“O berço balança sobre um abismo, e o bom senso nos diz que nossa existência nada mais é que uma réstia de luz entre duas eternidades de escuridão. Embora os dois sejam gêmeos idênticos, o ser humano em geral vê o abismo pré-natal com mais calma do que aquele para o qual se dirige (à velocidade de umas quatro mil e quinhentas pulsações por hora).”
Com essa frase Vladimir Nabokov abre sua magnifica autobiografia intitulada Speak, Memory ( Fala, memória ). Sem dúvida uma declaração essencialmente banal que reflete o pensamento de qualquer ateísta ou agnóstico, mas com a percepção de que a psique humana se concentra mais na eternidade futura do que na passada, e numa formulação audaciosamente bela e original. No entanto, ela está longe de revelar as profundezas da complexa espiritualidade de Nabokov, que, ao ser perguntado por Alvin Toffer se acreditava em Deus numa entrevista de 1963, assim respondeu aos 64 anos de idade: “Eu sei mais do que posso expressar em palavras, e o pouco que sou capaz de expressar não seria expresso caso eu não soubesse mais.”
A assertiva enigmática é típica do autor, mas demonstra que, apesar de desprezar todos os dogmas e todas as manifestações rituais de caráter religioso, ele abrigava um sentimento místico baseado na existência do sobrenatural. Apaixonado por padrões que via repetidos de forma surpreendente no mimetismo de suas queridas borboletas e em toda a natureza, Nabokov se aproximava da admissão de que existiria uma inteligência superior de onde fluíam aquelas maravilhas de outro modo inexplicáveis para ele. E contemplava a ideia de uma vida no Além, conceito presente em muitas de suas obras e patente no conto “As irmãs Vane”, que termina com uma mensagem por elas enviada depois de mortas. O mesmo transparecia em sua crença de que as pessoas seguiam um destino pré-traçado – por exemplo, que seu pai estava fadado a morrer com uma bala disparada pela arma de um assassino político.

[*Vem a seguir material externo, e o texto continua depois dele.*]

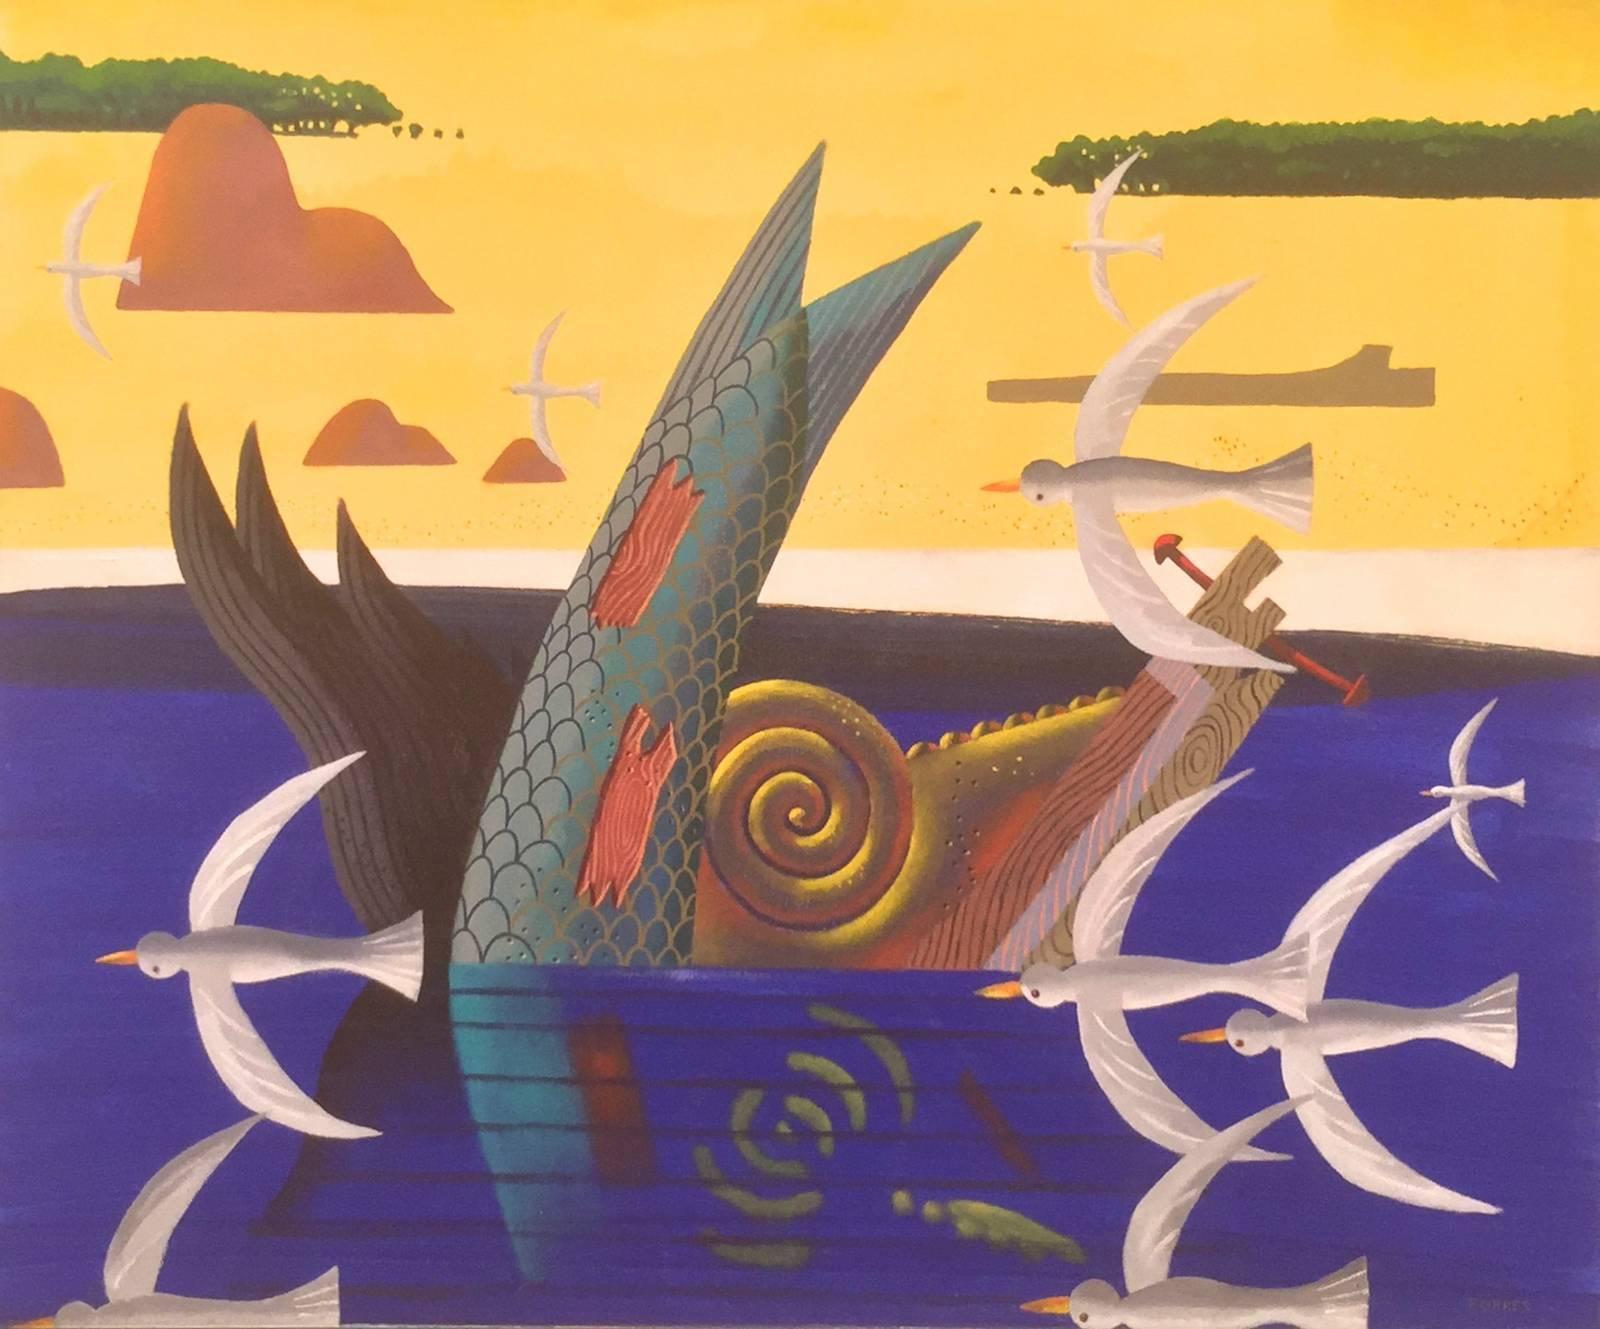 Figurehead Afloat Off 90 Mile Beach, Rodney Forbes oil painting, ocean Australia

Mas ninguém melhor que o próprio Nabokov para nos instruir sobre a possível imortalidade da alma: “Que a vida humana nada mais é que o primeiro episódio de uma alma em série, e que o segredo individual de alguém não se perde no processo de dissolução terrena, se tornam algo mais que uma conjetura otimista, e até mesmo mais que uma questão de fé religiosa, quando nos lembramos de que somente o bom senso nos faz negar a imortalidade.”